Federal Reserve’s FraudClassifier model helps classify fraud involving payments
The Federal Reserve published the FraudClassifier model – a set of tools and materials to help provide a consistent way to classify and better understand the magnitude of fraudulent activity and how it occurs across the payments industry.
The model was developed by the Fraud Definitions Work Group, which was comprised of Federal Reserve and payments industry fraud experts.
“The FraudClassifier model can help address the industrywide challenge of inconsistent classifications for fraud involving ACH, wire, or check payments,” said Jim Cunha, secure payments strategy leader and senior vice president at the Federal Reserve Bank of Boston.
“The FraudClassifier model enables payments stakeholders to classify fraud in a simple and similar manner. It can be applied across an organization to help ensure greater internal consistency in fraud classification, more robust information and better fraud tracking.”

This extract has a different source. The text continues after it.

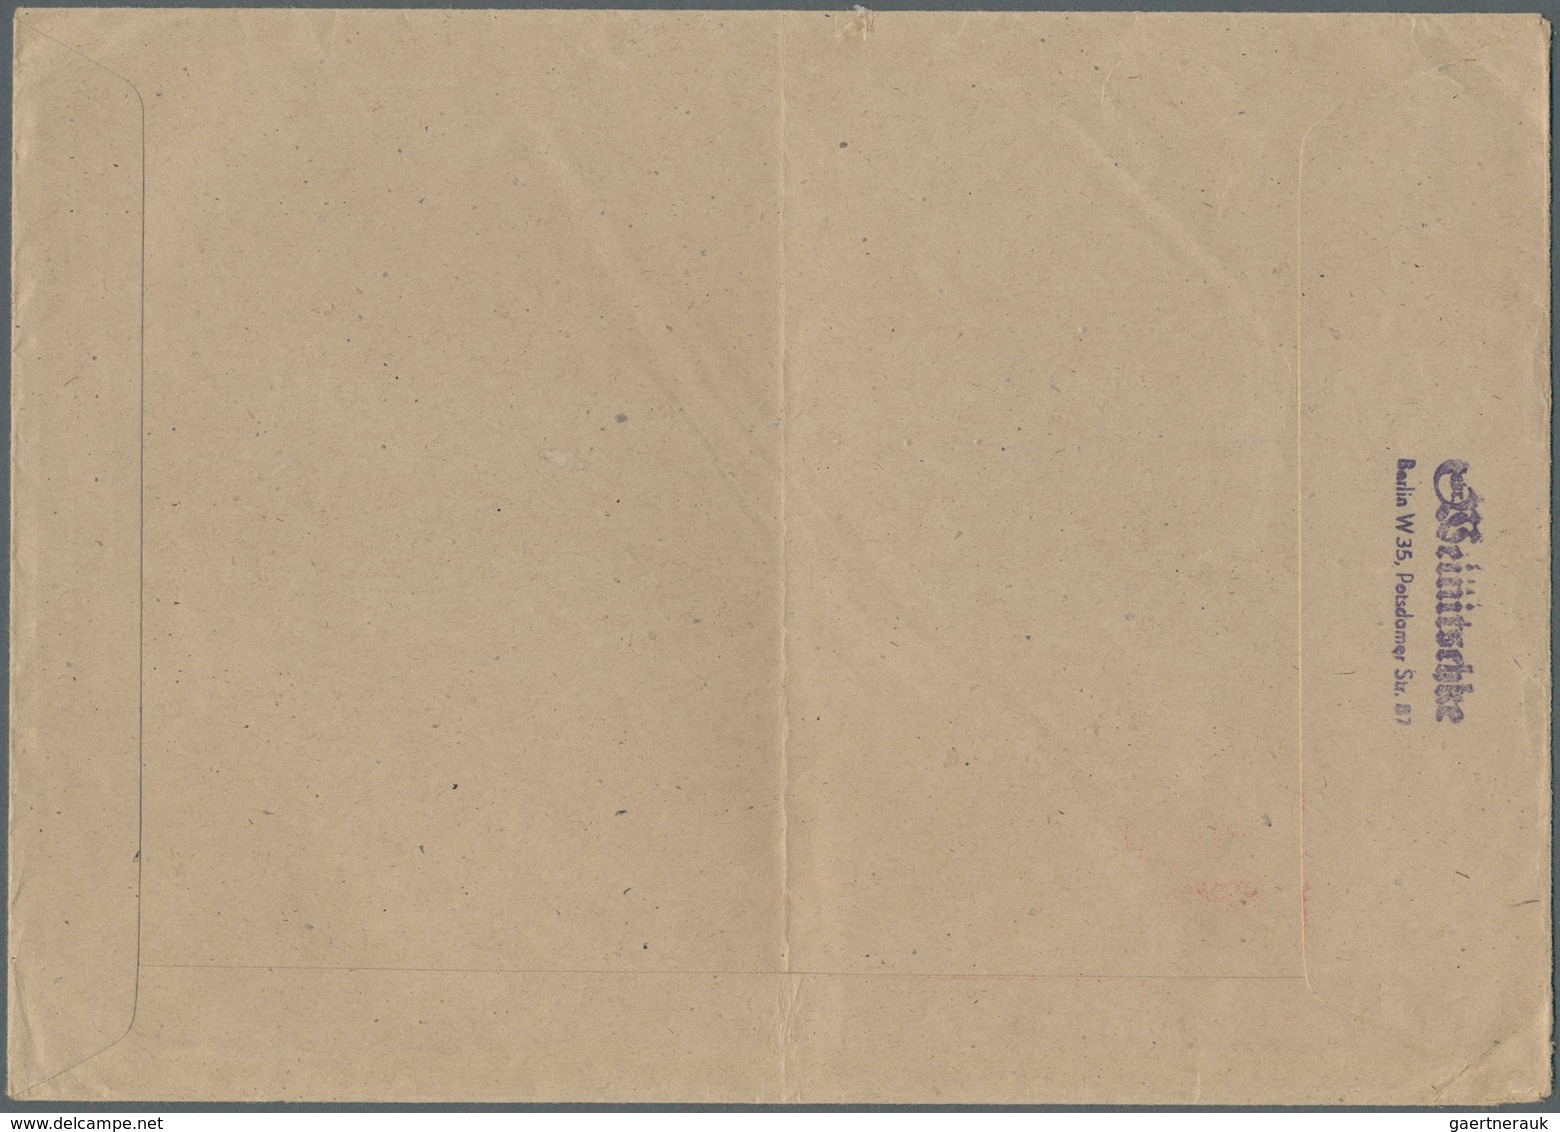 Berlin - Vorläufer: 1948: Umschlag Ca. 23 X 16,5 Cm Als Fern-Doppelbrief 48 Pf. ABSENDER-FREISTEMPEL - Covers & Documents

The key advantage of the FraudClassifier model is the ability for organizations to use it to classify fraud independently of payment type, payment channel or other payment characteristics.
The model presents a series of questions, beginning with who initiated the payment to differentiate payments initiated by authorized or unauthorized parties. Each of the classifications is supported by definitions that allow for consistent application of the FraudClassifier model across the industry.
The Fraud Definitions Work Group also developed and recommended an industry adoption roadmap, which outlines a strategy and potential steps to encourage voluntary industrywide use of the FraudClassifier model.